Sebenarnya, Stevie tak akan sesial itu jika ia merencanakan semuanya dengan tepat. Lalu, sebenarnya apa, sih, yang harus dipersiapkan ketika hasrat ber-backpacking ria menggebu dan apa sebenarnya pengertian dari backpacker itu sendiri? Backpacking telah lama diidentikkan dengan sebutan wisatawan kere. Hal ini harus diakui karena konsep awal backpacking memang dirancang demikian. Akan tetapi, pemahaman itu kini sudah mulai bergeser. Backpacking telah menjadi gaya hidup. Peminatnya sekarang tidak hanya orang yang berkantong tipis, tetapi juga orang-orang kaya yang tidak pernah memikirkan persoalan biaya dalam melakukan perjalanan wisata. Seorang backpacker umumnya memiliki mobilitas yang tinggi, yaitu sering berpindah dari suatu tempat ke tempat yang lain dan dari suatu daerah ke daerah lain. Karena kebiasaan berpindah-pindah itulah maka ransel dipilih sebagai teman perjalanan yang sangat praktis.

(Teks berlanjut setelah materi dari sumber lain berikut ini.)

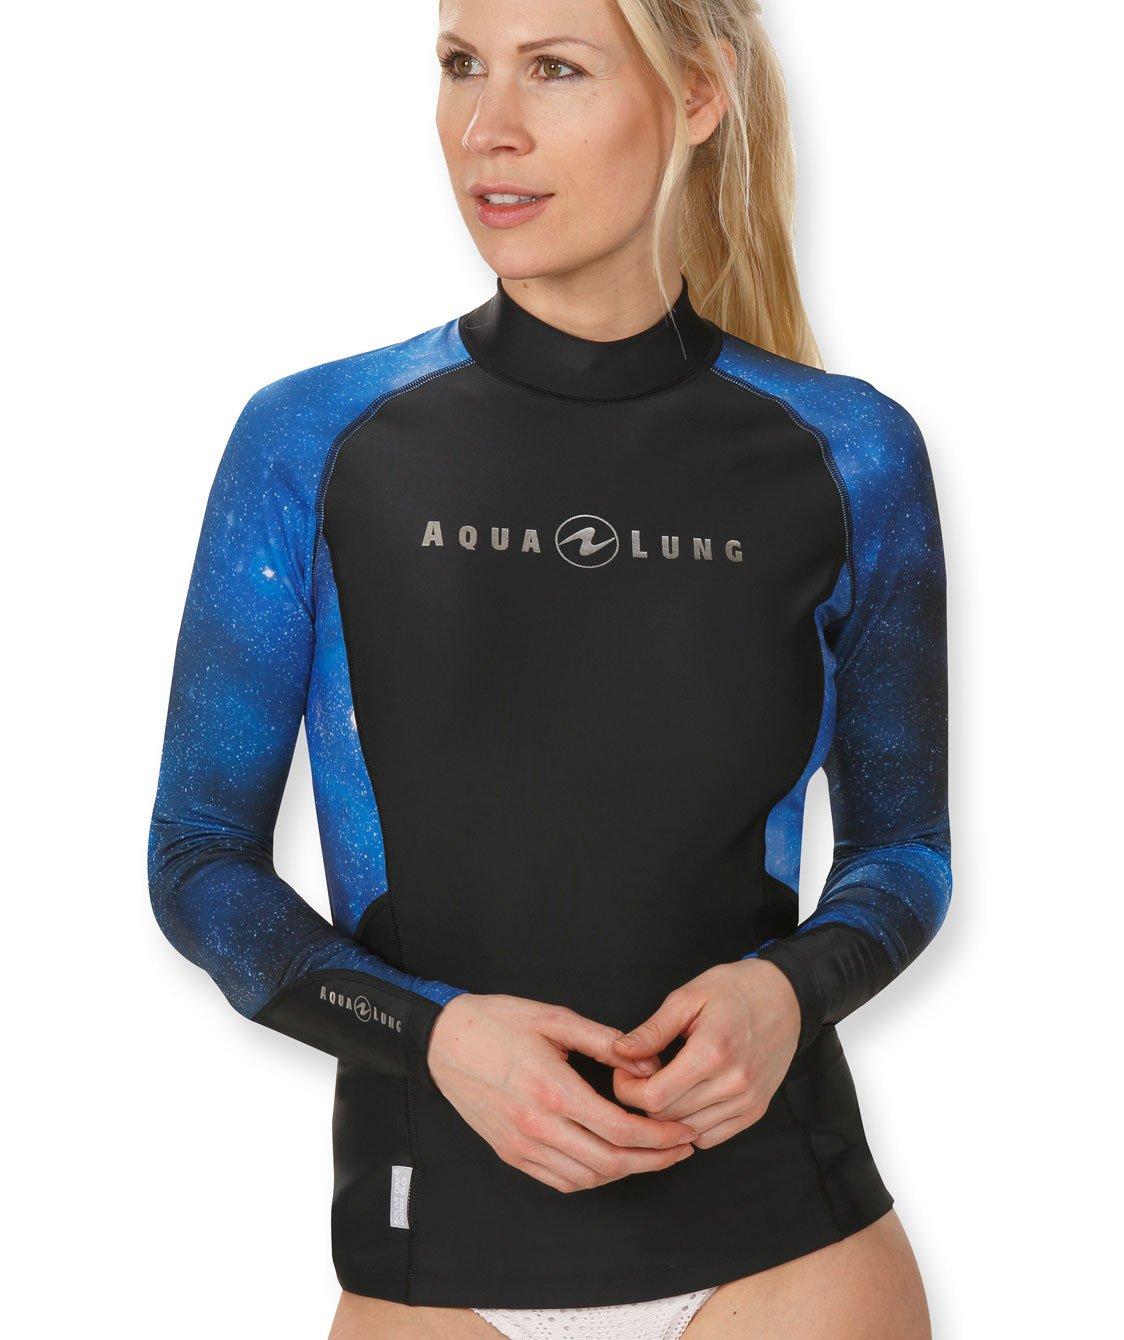 Aqua Lung Women's Long Sleeve Galaxy Rashguard, Blue Camo - MD by Aqua Lung

Selain itu, backpacker juga sering menggunakan hotel atau penginapan yang sederhana. Mereka jarang sekali menggunakan jasa agen perjalanan wisata. Hal tersebut sangat kontras perbedaannya dengan wisatawan lain yang terbiasa menginap di hotel berkelas dan menghabiskan waktu di sana tanpa berpindah hotel.

Mengenai persiapannya, saat backpacking, bawa barang yang benar-benar diperlukan. Buatlah daftar barang apa yang perlu dibawa. Pikirkan bagaimana supaya bisa seefisien mungkin. Jangan memindahkan isi rumah ke dalam ransel. Tentukan pual opsi tujuan secara mendetail. Lakukan penggalian data tentang tempat-tempat itu, baik lewat buku, internet, ataupun print magazine. Jangan terlalu percaya dengan perjalanan orang lain, karena travelling adalah bersifat personal. Sesuatu yang sesuai dengan kepribadian kita.

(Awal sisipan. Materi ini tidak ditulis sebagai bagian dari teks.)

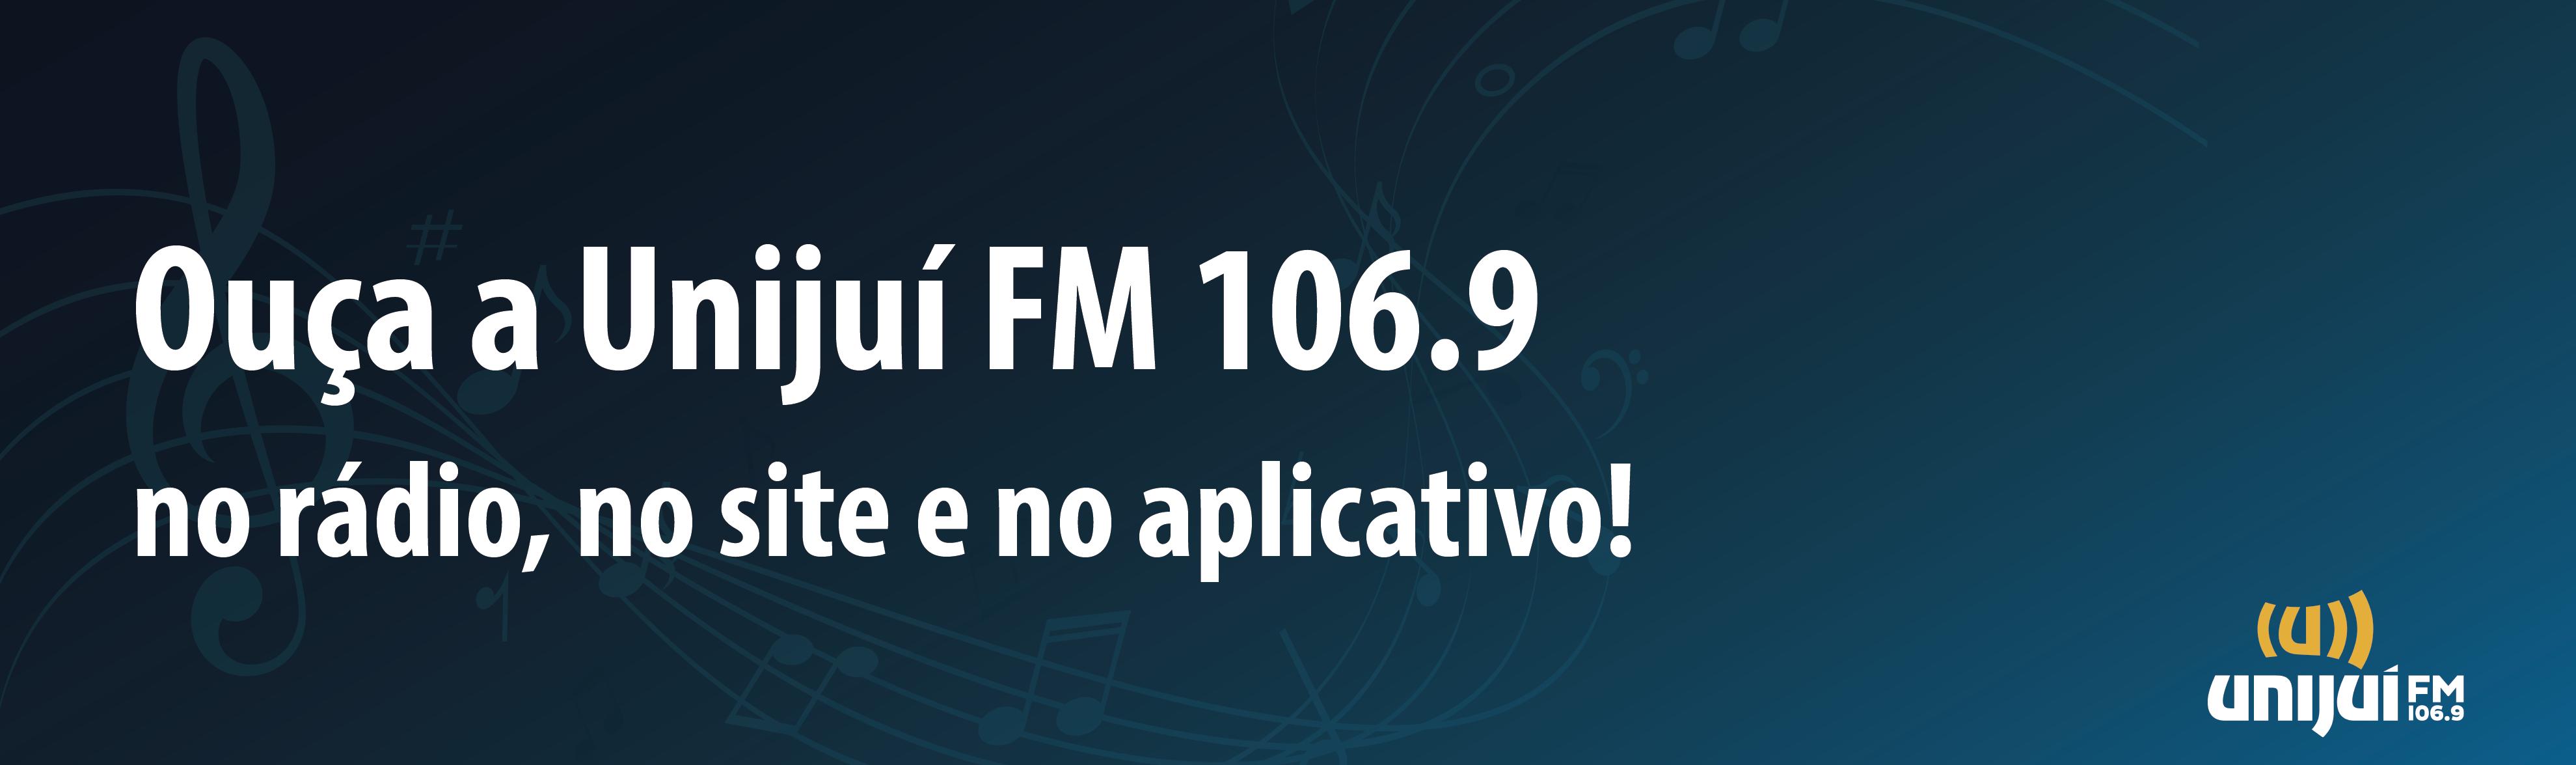 Institucional Rádio

Lantas, aktivitas apa yang hendak kita lakukan setelah sampai di tempat tujuan? Mau shopping atau tracking? mau chill out atau suffering? Kadang kita tergoda untuk melakukan banyak aktivitas disana. Bisa jadi tubuh malah kolaps karena kehabisan tenaga. Pertimbangkan faktor cuaca, kondisi tubuh dan waktu yang tersedia. Transportasi juga menjadi bagian penting yang harus dipikirkan. Ini agaknya yang penting bagi independen traveller karena jelas harus mengatur perpindahan dari lokasi satu ke lainnya. Jangan ragu memakai publik transportasi seperti bis atau perahu. Temukan keasyikan berjejalan didalam bis atau menikmati pemandangan sepanjang sungai.

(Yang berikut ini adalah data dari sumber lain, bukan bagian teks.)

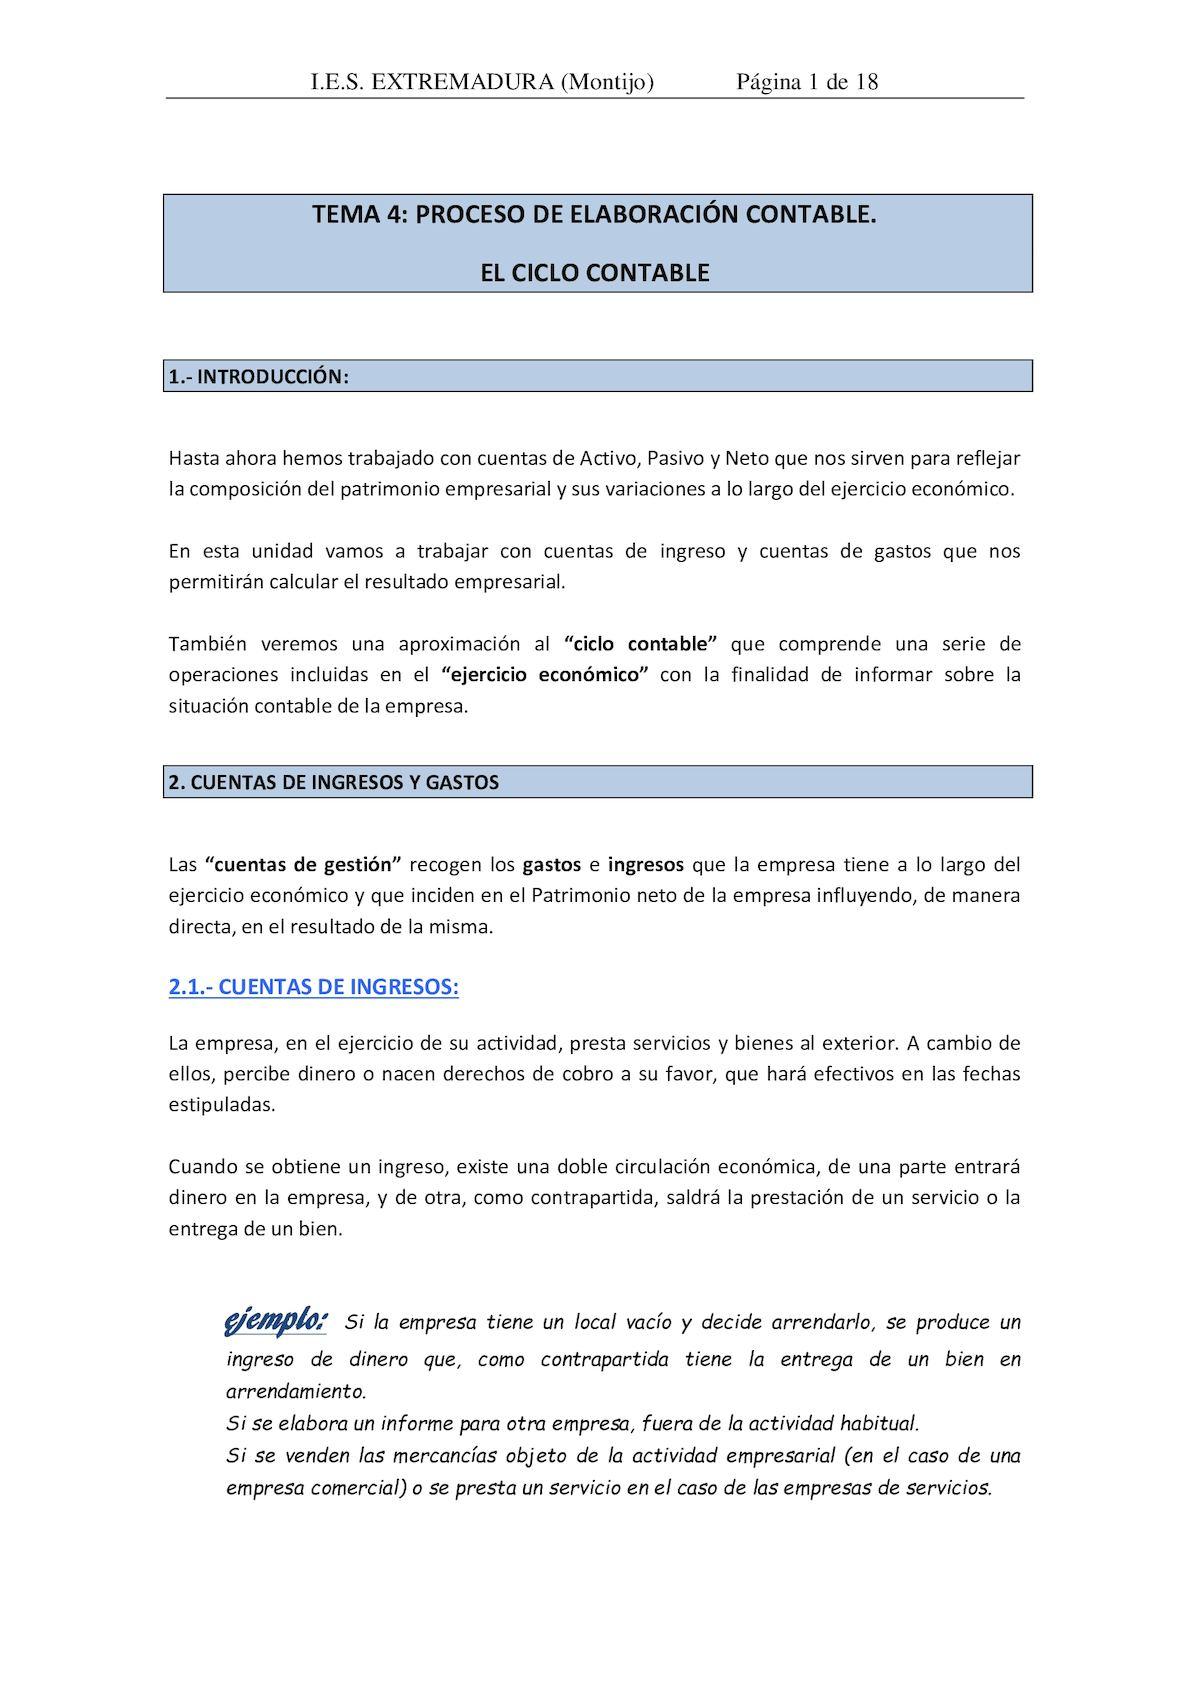 Tema 4 Proceso De Elaboración Contable El Ciclo Contable

Satu hal yang harus diingat, bahaya selalu mengintai setiap manusia. Bahaya seperti virus dan teroris merupakan ancaman terkini bagi traveller. Kalau kamu tipe “die hard traveller” pastikan untuk mengetahui musuh sebelum menghadapinya. Selain itu, travel dokumen pun harus sangat mendapat perhatian. Para backpackers dan setelannya yg lusuh umumnya agak dicurigai oleh aparat-aparat keimigrasian suatu negara. Oleh karenanya, cermatilah, apakah kamu membutuhkan paspor baru atau memerlukan visa. Negara Asean seperti Laos dan Kamboja tetap meminta visa bagi orang Indonesia. Visa bisa diperoleh on arrival (biasa di bandara/pintu masuk utama) atau di kedutaan negara yang bersangkutan. Beberapa negara Asia mensyaratkan paspor minimal berumur tiga bulan, sedang negara-negara Amerika dan Eropa mensyaratkan enam bulan. Jangan lupa membawa paspor lama, bila perlu jadikan satu dengan yang baru. Last but not the least, jangan berharap mendapat kenyamanan yang besar dalam perjalanan ini. Nikmati apa adanya. Pelajari kehidupan lokal dan temukan sensasi ala backpackers. Have a nice trip!